Even the unbeliever is free not to believe, so long as his unbelief doesn't lead him to subvert the laws or good character of society.
That freedom of belief--or even not to believe--is best guaranteed by the Christian character of America. Rabid secularism demands a suppression of the public expression of religious faith; because of this, it quashes freedom.
In a society protected by the Christian value of freedom of choice, the secularist is free to express his unbelief in public. No one can force him to believe in a deity, and no one can force him to profess belief...but if the majority of society believes in God, he should naturally be prepared for the dissent of others, as is their freedom.
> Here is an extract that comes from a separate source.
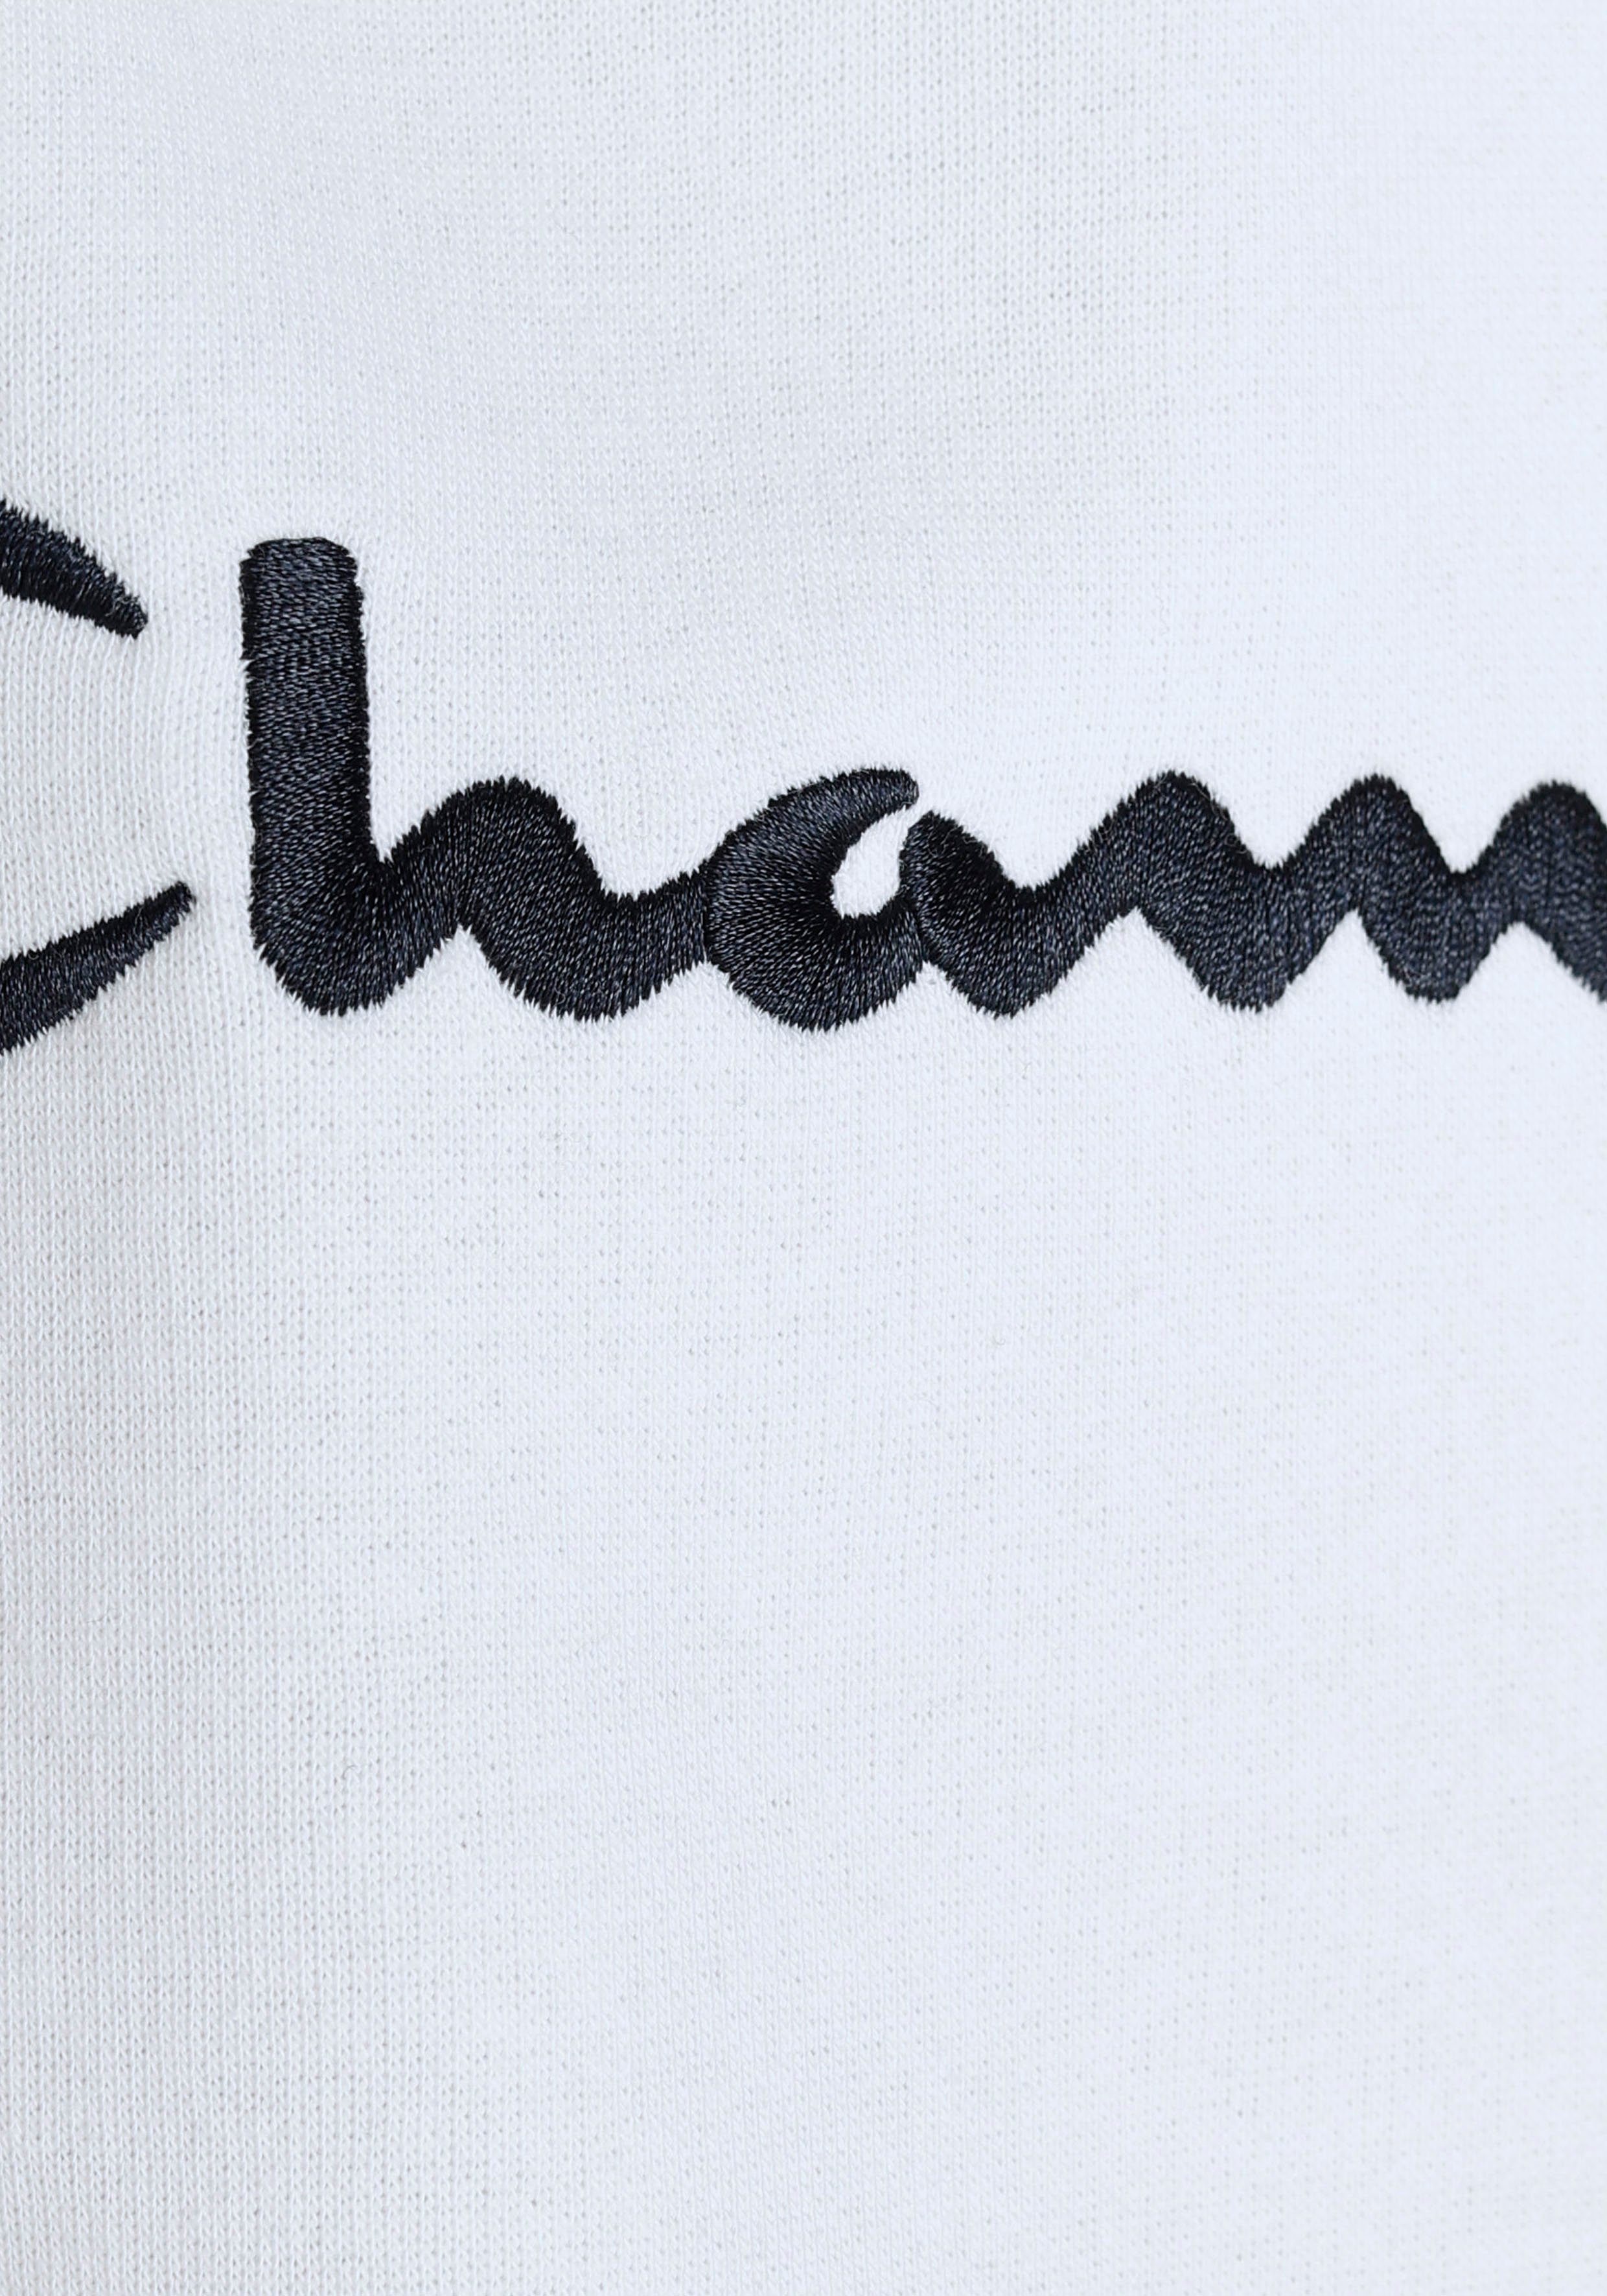 Champion Sweatshirt Classic Hooded weiß Sweatshirt Logo - für large Kinder

In America, religious values and the reliance upon objective values must inform public policy, or public policy will devolve into "might makes right" and the tyranny of the majority. Religious values help preserve not only the health and good order of our civilization, but freedom itself.
As de Tocqueville says,
Despotism may govern without faith, but liberty cannot. Religion is much more necessary in the republic which they set forth in glowing colors than in the monarchy which they attack; and it is more needed in democratic republics than in any others. How is it possible that society should escape destruction if the moral tie be not strengthened in proportion as the political tie is relaxed? and what can be done with a people which is its own master, if it be not submissive to the Divinity?
In summary, these religious values historically held in America inform public policy, not through theocracy or a state religion or the imposition of law, but through the character and values of the people who comprise government and who are being governed.